# planted tank with silver dollars



## NGosal (Jun 9, 2014)

Does anyone know how bad silver dollars well decimate a planted tank? I want them so bad but I've spent so much time growing my plants.


----------



## Clownloachlover (Apr 21, 2010)

I have heard that they are a no no with live plants and will tear them up big time...maybe if you catch them in the act you can rub their noses in it and yell really loud at them!


----------



## mrbob (Aug 9, 2012)

Don't do itttttttt....


----------



## jbyoung00008 (May 16, 2011)

They will eat the plants fast. Very fast! Ive seen it first hand.


----------



## Momobobo (Sep 28, 2010)

Even my Lemon Tetras would slowly nibble away any soft plants I had. So I would imagine a SD would be waaaay worse :bigsmile:


----------



## NGosal (Jun 9, 2014)

Ah man this is not what I wanted to hear. Lolll. Thx guys. I will not get them then.


----------



## mrbob (Aug 9, 2012)

Their diet is almost exclusively vegetarian and in captivity they will often eat all the plants in a tank.


----------



## NGosal (Jun 9, 2014)

This sucks cuz they are such beautiful fish. Especially the spotted ones. I really really wanted them for years now. ARRRRGH!!!


----------



## charles (Apr 21, 2010)

they will even eat plastic plants.


----------



## NGosal (Jun 9, 2014)

Lol. Someone should breed a strain more inclined to eat pellets/flakes instead. I'd pay top dollar for them.


----------



## jbyoung00008 (May 16, 2011)

charles said:


> they will even eat plastic plants.


That's funny Charles. I guess that settles it.


----------



## TomC (Apr 21, 2010)

Sounds like a good excuse to get another tank.


----------



## Clownloachlover (Apr 21, 2010)

Silver Dollars...Rocks only...plastic plants could become dinner...live plants will become invisible in short order. I have seen them eat flake food but they are fussy eaters. maybe if you plant egeria densa the plant will continue to supply food for the silver dollars. If you are not familiar with that plant, it grows like wildfire under most conditions. I have some in my 220 gallon tank and I trim about 6 to 8 inches off it on a weekly basis. that being said, depending on the number of silver dollars even the egeria densa may be extinct in your tank in short order!


----------



## NGosal (Jun 9, 2014)

Lol. I will not be pursing silver dollars anymore folks. I love my plants.


----------



## NGosal (Jun 9, 2014)

And I don't want another tank anytime soon. I just set this tank up 5 weeks ago. This and my 300 gallon pond is a handful at the moment.


----------



## pistachoo (Sep 6, 2010)

Huh. My brother must have a weirdo silver dollar: he doesn't seem to care about the java fern overgrowing the tank, and loves his sinking algae tablets. It's funny to watch him eat one because it doesn't fit in his mouth so he swims around flipping it and catching it again while trying to avoid it getting stolen by his nosy roomies (irridescent sharks).

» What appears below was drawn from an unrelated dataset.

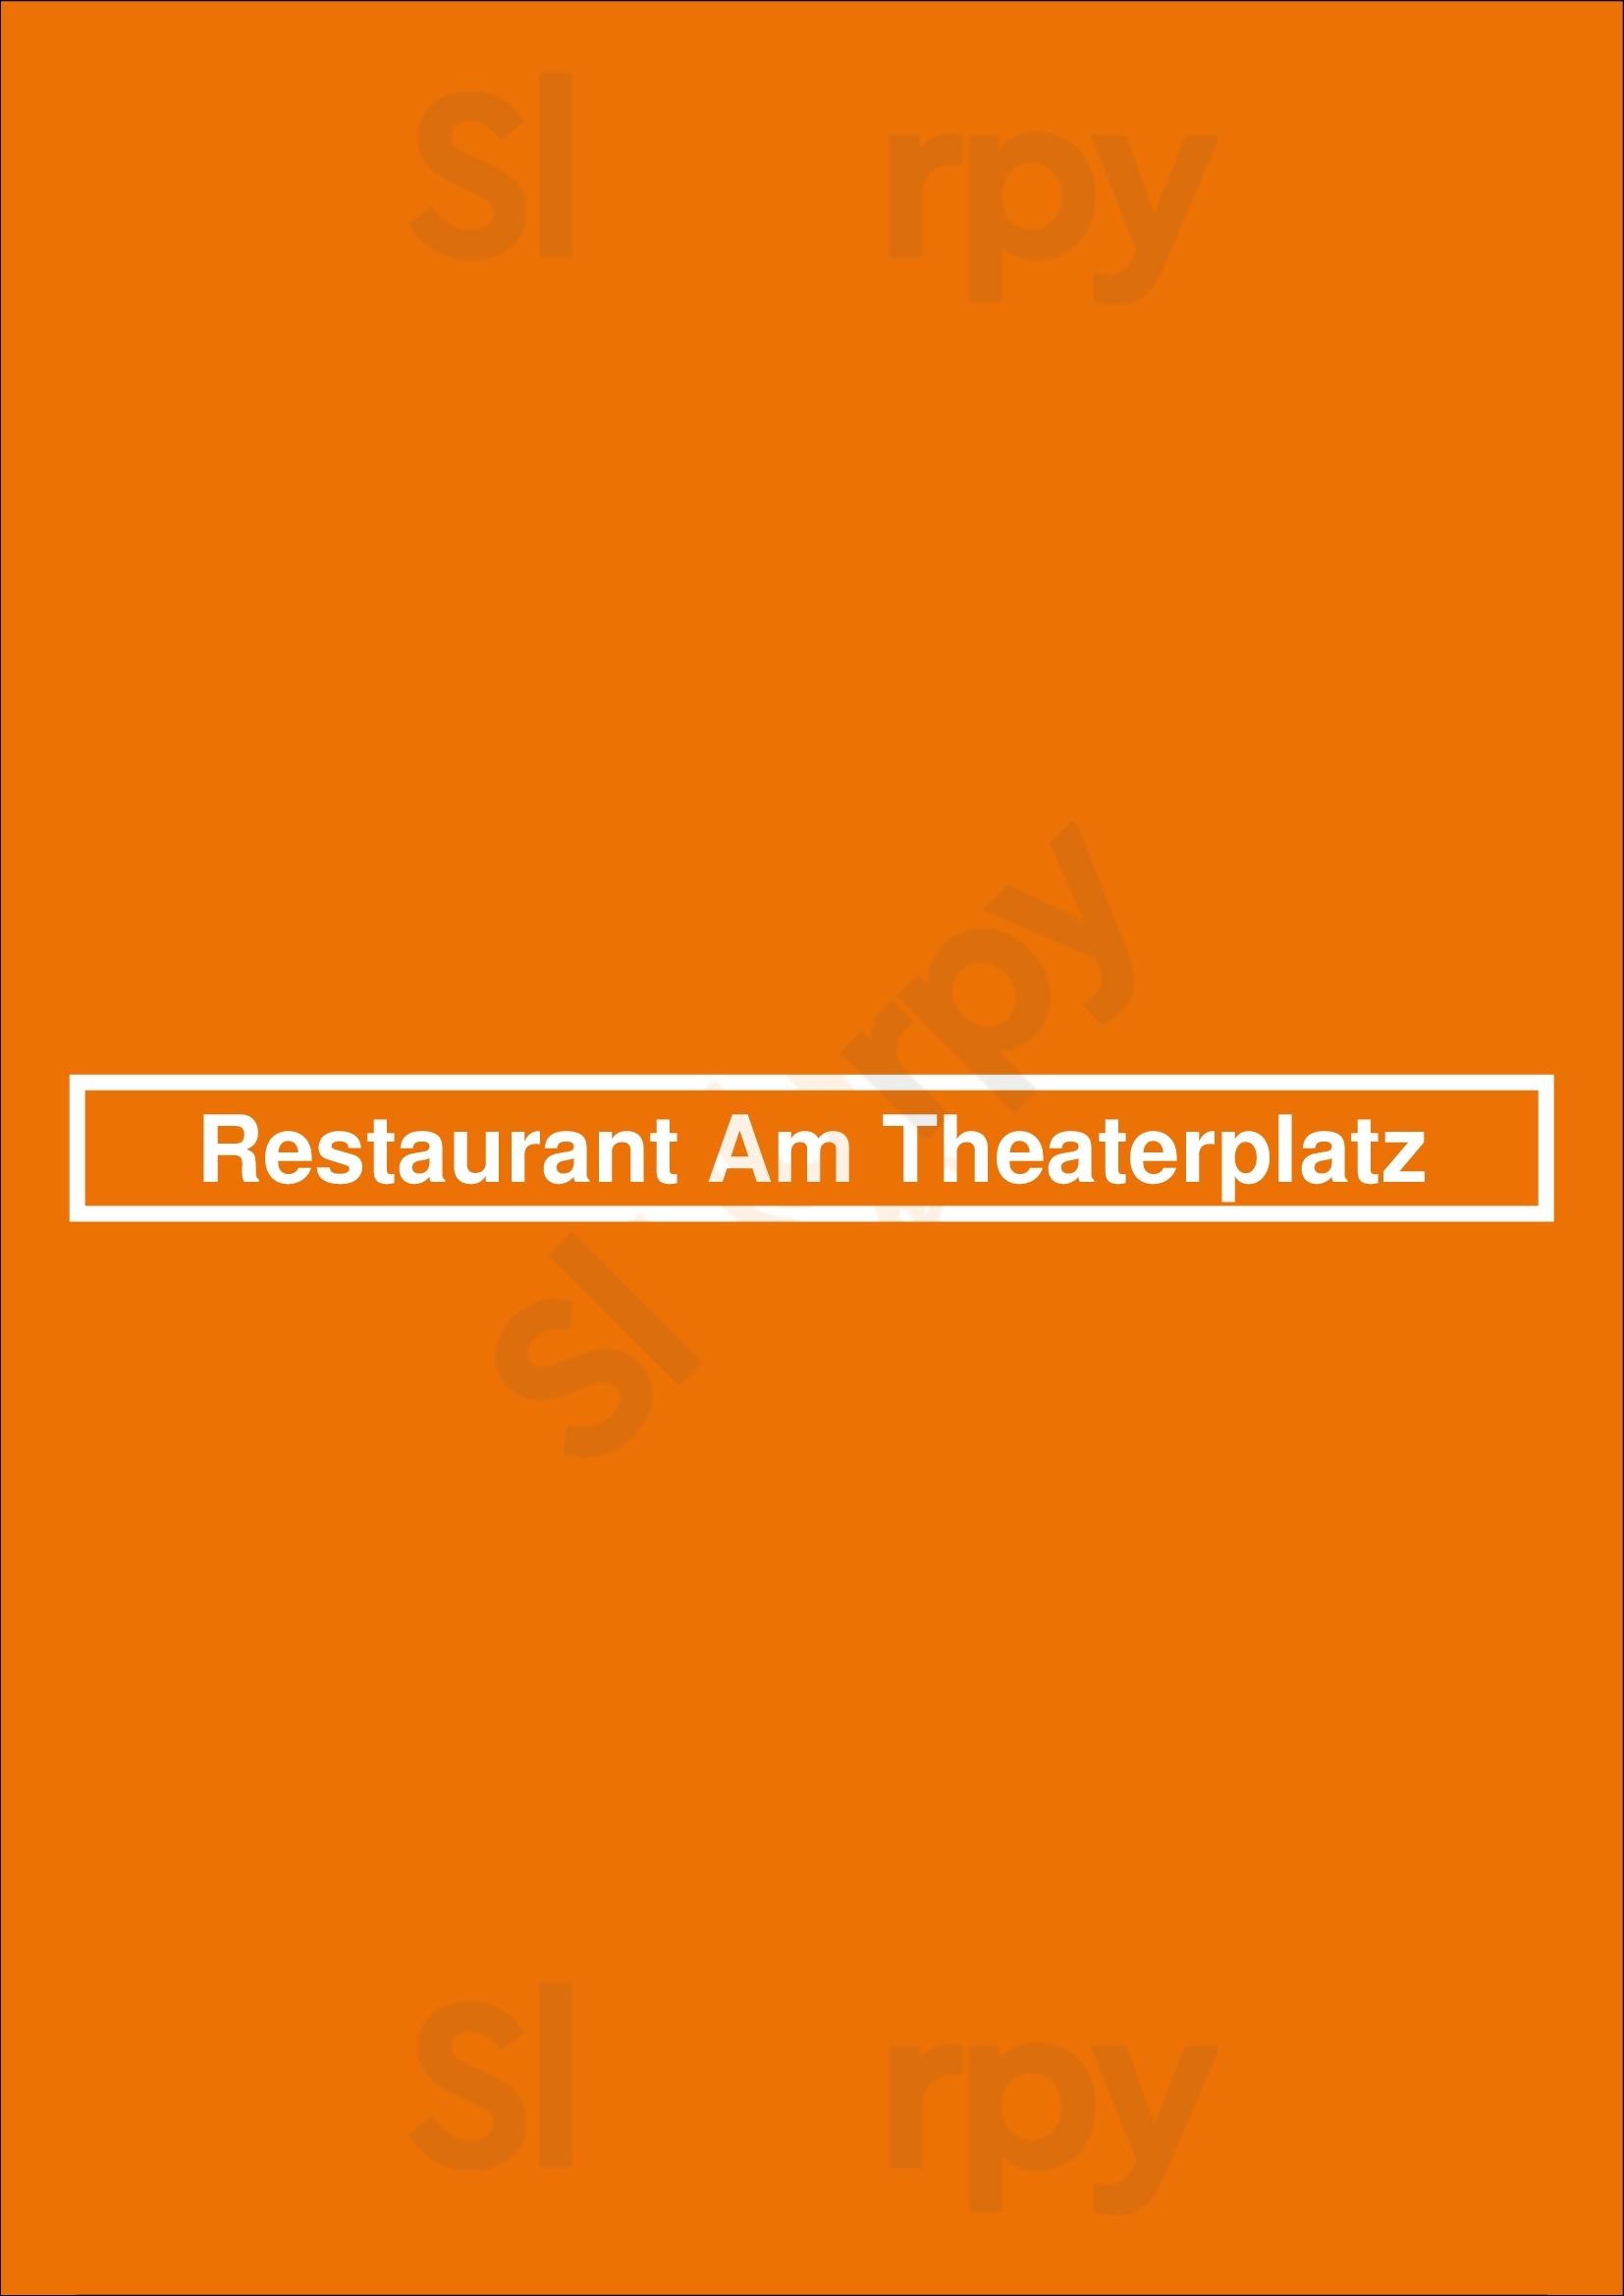 Restaurant Am Theaterplatz Bremerhaven Menu - 1

Nevertheless, I wouldn't base any decision on this one oddball: planted tanks are too pretty to have ripped up by aggressive vegetarians!


----------



## cody-reece (Jul 30, 2014)

If you feed then algi wafers alot and I mean LOTS they wont eat much. I own 1 in a community tank.


----------



## jbyoung00008 (May 16, 2011)

Silver dollars are best kept in a group. The more the merrier. Otherwise they tend to be shy and more skidish than they already are. 1 might not totally destroy a planted tank but 5 sure will. Java fern is generally left alone by most fish. I should nibble on a piece to see what all the fuss is about lol


----------



## cody-reece (Jul 30, 2014)

Yeah very true. I had 2 but one got sick so now I have 1. He is very shy. Will eat but hides after.


----------



## shady280 (Oct 17, 2011)

I had 4 silver dollars. They must have been weirdos. Wouldn't touch any green food. Didn't try plants tho. They would eat pellets, flakes and bloodworms.


----------